Furthermore, with respect to the protester’s general assertion that relocation and replication costs are required to be considered by the agency in its price evaluation to determine the best value, we find the agency’s determination to exclude such costs from the price evaluation to be reasonable.
Here, the contracting officer stated that she did not include the relocation costs as part of the solicitation’s price evaluation scheme because she determined that the cost of moving within the incumbent location or moving to a new location is essentially the same. We have no basis to question the agency’s assertion. See HG Properties A, L.P., B-280652, Nov. 2, 1998, 98-2 CPD ¶ 104 at 6-7. Notwithstanding the protester’s contention that the contracting officer’s determination in this regard is undocumented, the protester has not demonstrated that the contracting officer’s determination is erroneous. In this regard, other than expressing its disagreement, the protester has not provided any evidence that contradicts the contracting officer’s statement or provided any information to show that updates to the current building will require any less of a moving expense (such as moves to accommodate renovation) than moving to a new space.
The protest is denied.
Susan A. Poling
 VA direct leases must follow the General Services Administration (GSA) regulations as established by the GSAR. VA Directive 7815 (Jan. 20, 2012), at 5.
 Section 570.306(b) of the GSAR requires an agency to “[e]valuate prices and document the lease file to demonstrate that the proposed contract price is fair and reasonable. The contracting officer must review the elements of the offeror’s proposed rent to analyze whether the individual elements are realistic and reflect the offeror’s clear understanding of the work to be performed.” GSAR § 570.306(b).
 Our jurisdiction, as established by the Competition in Contracting Act of 1984, 31 U.S.C. § 3553, is limited to addressing protests alleging a violation of procurement statute or regulation. See Systems Research & Applications Corp., B‑407224.3, Dec. 17, 2012, 2012 CPD ¶ 352 at 9.
 The lease contracting officer also provides that [DELETED]. AR at 3-4; CO Statement at 2. [DELETED].
 The protester asserts that these costs would have been captured as part of the global RLP template present value price evaluation analysis.

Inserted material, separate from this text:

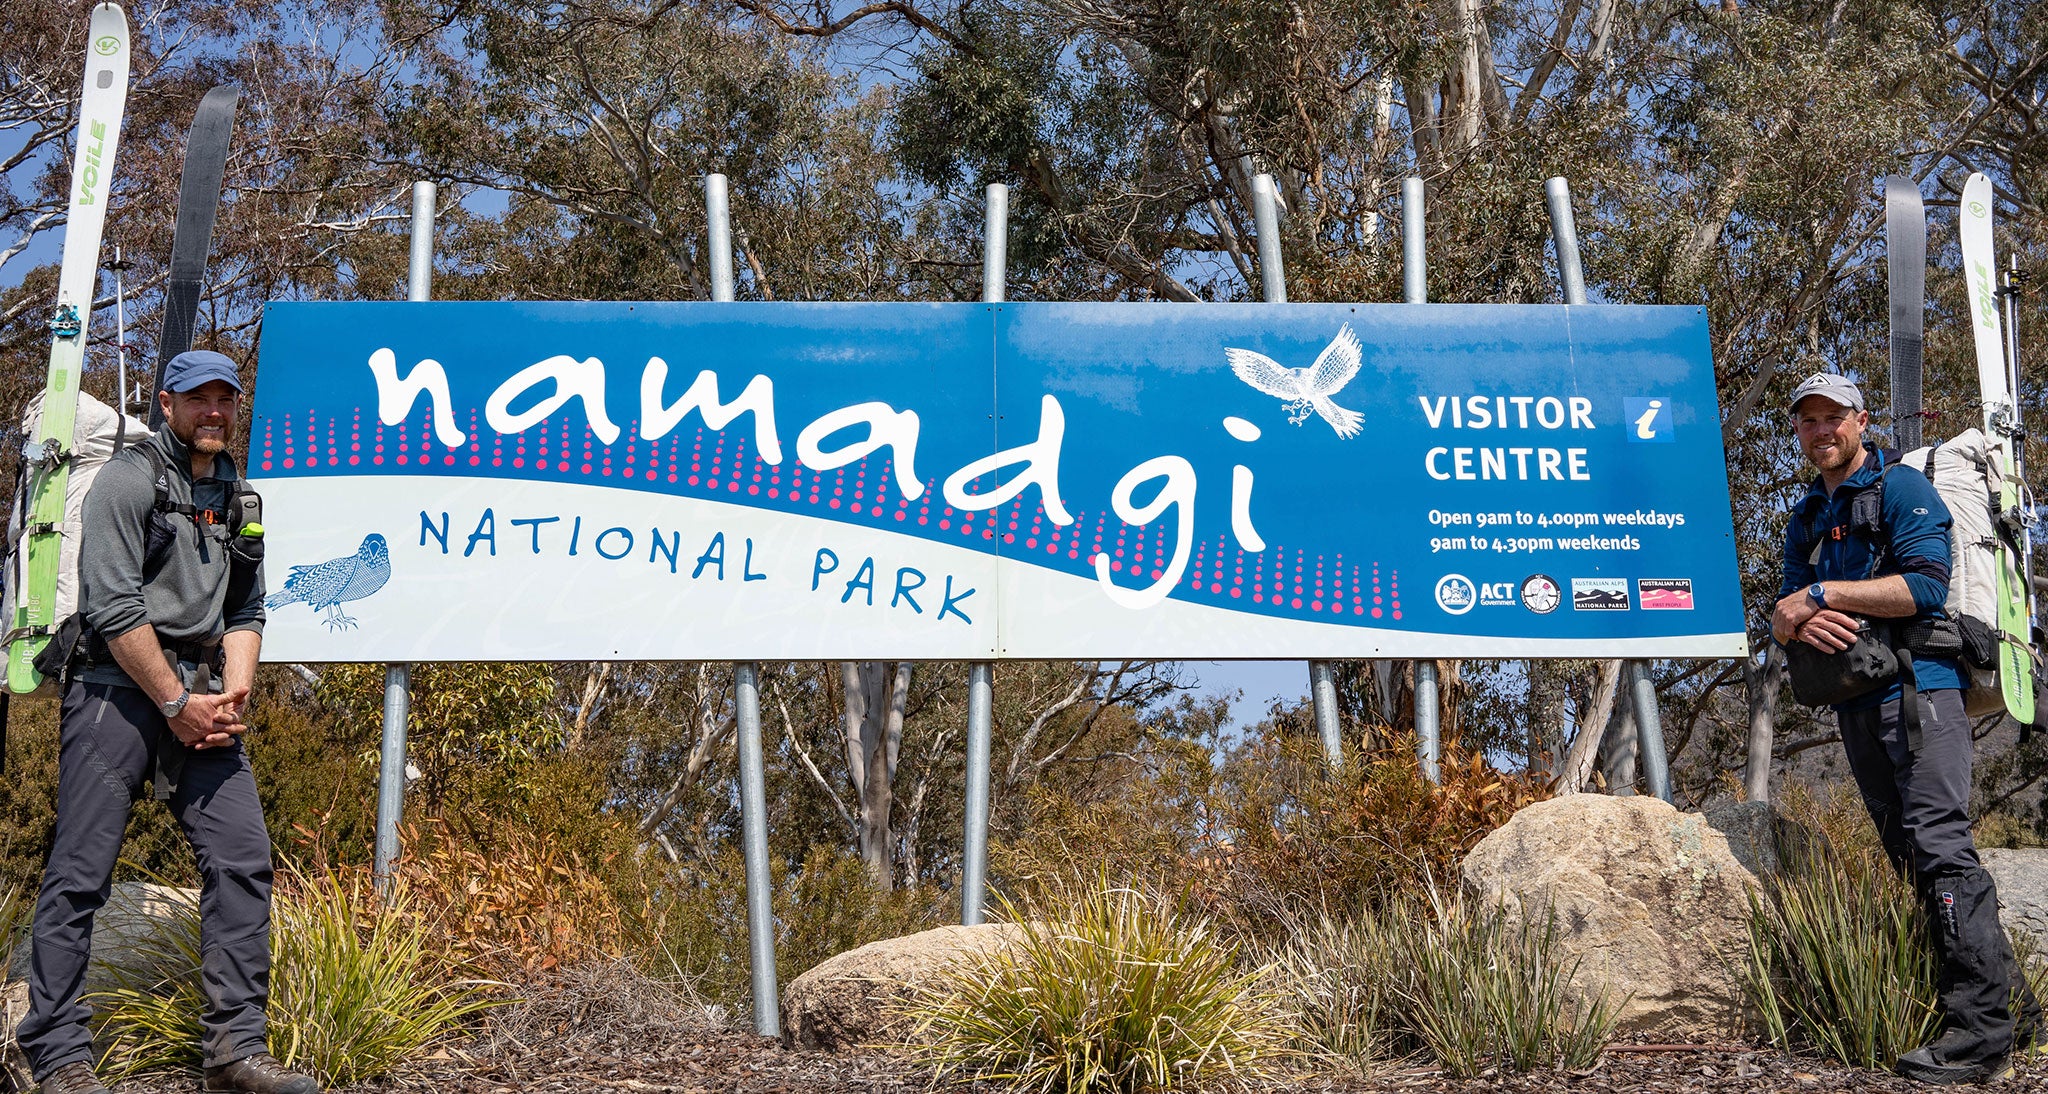 Namadgi National Park Visitor Centre sign post

 A succeeding lease is a lease whose effective date immediately follows the expiration date of an existing lease for space in the same building. GSAR § 570.102. To pursue a succeeding lease, the leasing specialist must investigate the availability of alternative locations; then, if alternative locations are found, the leasing specialist must demonstrate the cost advantages of staying in place through a cost-benefit analysis. GSA Desk Leasing Guide at 5-3.; GSAR § 570-402.